Berlinguer – La grande ambizione è il suo quinto lungometraggio, scritto come di consueto con Marco Pettenello, a lungo collaboratore di Mazzacurati, Di Gregorio oltre che sceneggiatore de La chimera con Alice Rohrwacher.
I due autori si concentrano su un periodo preciso, il quinquennio che va dall'”incidente” a Sofia del 1973 al rapimento e all’uccisione di Aldo Moro, che chiude definitivamente la stagione dell’avvicinamento al governo del più grande partito comunista d’occidente.
In quel quinquennio, Berlinguer elabora progressivamente l’idea del compromesso storico tra le forze popolari e antifasciste, comprendendo come i risultati elettoralmente sempre più significativi del suo partito non fossero da solo sufficienti a giustificare un governo socialista in un Paese chiave nello scacchiere internazionale, ancora rigidamente diviso in blocchi e sfere d’influenza.
La caduta di Allende in Cile, con il colpo di stato militare e l’ombra dei servizi americani è un monito chiaro a cercare una strada diversa all’eurocomunismo.
Berlinguer stesso si sente sempre più estraneo alle logiche d’apparato del comunismo sovietico e i suoi viaggi oltre la cortina di ferro assumono toni sempre più sinistri.
Nel frattempo sul fronte interno, la crisi economica e sociale e l’immobilismo democristiano, battuto anche nella battaglia civile sul divorzio, trova sfogo nei movimenti studenteschi e operai sempre più radicali, fino all’emersione del terrorismo.
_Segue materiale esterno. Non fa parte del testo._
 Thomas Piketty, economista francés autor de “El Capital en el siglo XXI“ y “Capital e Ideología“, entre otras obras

Il sequestro Moro, alla vigilia del giuramento del nuovo governo Andreotti appoggiato dal PCI, segna la fine di ogni illusione e il ripiegamento di Berlinguer e del partito verso un nuovo lungo e inesorabile periodo di marginalità politica negli anni ’80.
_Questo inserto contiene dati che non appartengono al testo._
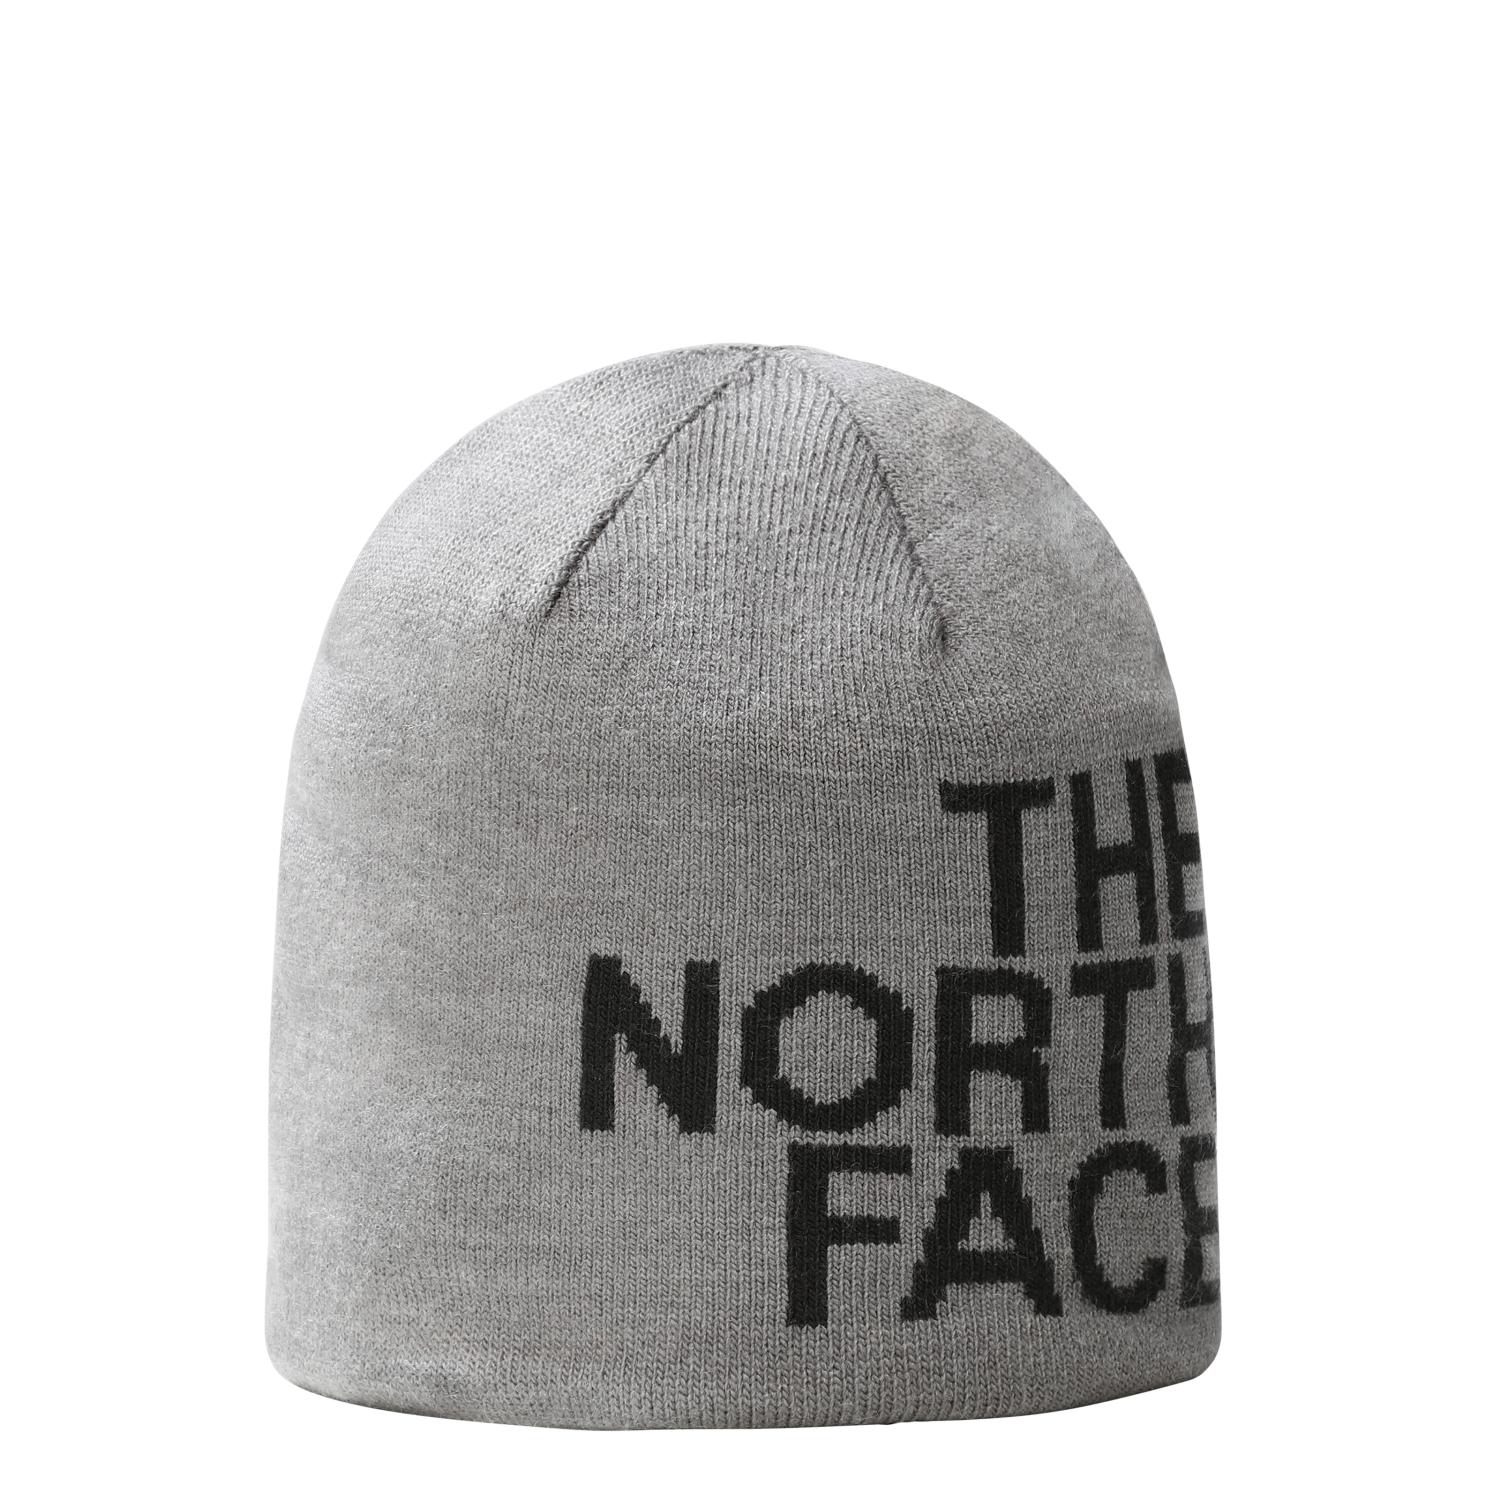 Bonnet The North Face

Il lavoro di Andrea Segre si muove secondo un doppio binario, alternando la ricostruzione piuttosto pedante e non particolarmente ispirata dell’uomo politico e del padre di famiglia bonario – “il grigio funzionario di partito” – , costantemente preda di pensieri troppo grandi, con una dimensione documentaristica che attraverso il recupero delle immagini d’archivio mostra invece la vivacità contraddittoria di quegli anni, il fermento, l’elettricità delle manifestazioni, delle Feste dell’Unità, le strade vuote per l’austerità, i comizi d’amore di pasoliniana memoria per il divorzio.
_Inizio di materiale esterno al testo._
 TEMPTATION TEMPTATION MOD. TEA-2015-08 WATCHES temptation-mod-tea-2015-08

Insomma se il politico interpretato da Germano non lascia spazio a grandi riflessioni, il ritratto sociologicamente prezioso dell’Italia degli anni ’70 è invece indovinatissimo.
Peccato che le due parti dialoghino a fatica e nonostante la grande esperienza di Segre e le immagini di repertorio non aiutino davvero a chiarire le scelte pubbliche e private dell’uomo e del politico Berlinguer.
Particolarmente reticente poi è il passaggio finale con Moro, a lungo cercato in segreto nelle notti capitoline, per costruire quel patto che allargasse il perimetro della democrazia italiana e poi lasciato nelle mani delle BR senza quasi rimpianti, senza comprendere che la morte dello statista cattolico avrebbe rappresentato anche la propria fine politica e avrebbe rinviato di quasi vent’anni l’ingresso di comunisti e post-comunisti a Palazzo Chigi.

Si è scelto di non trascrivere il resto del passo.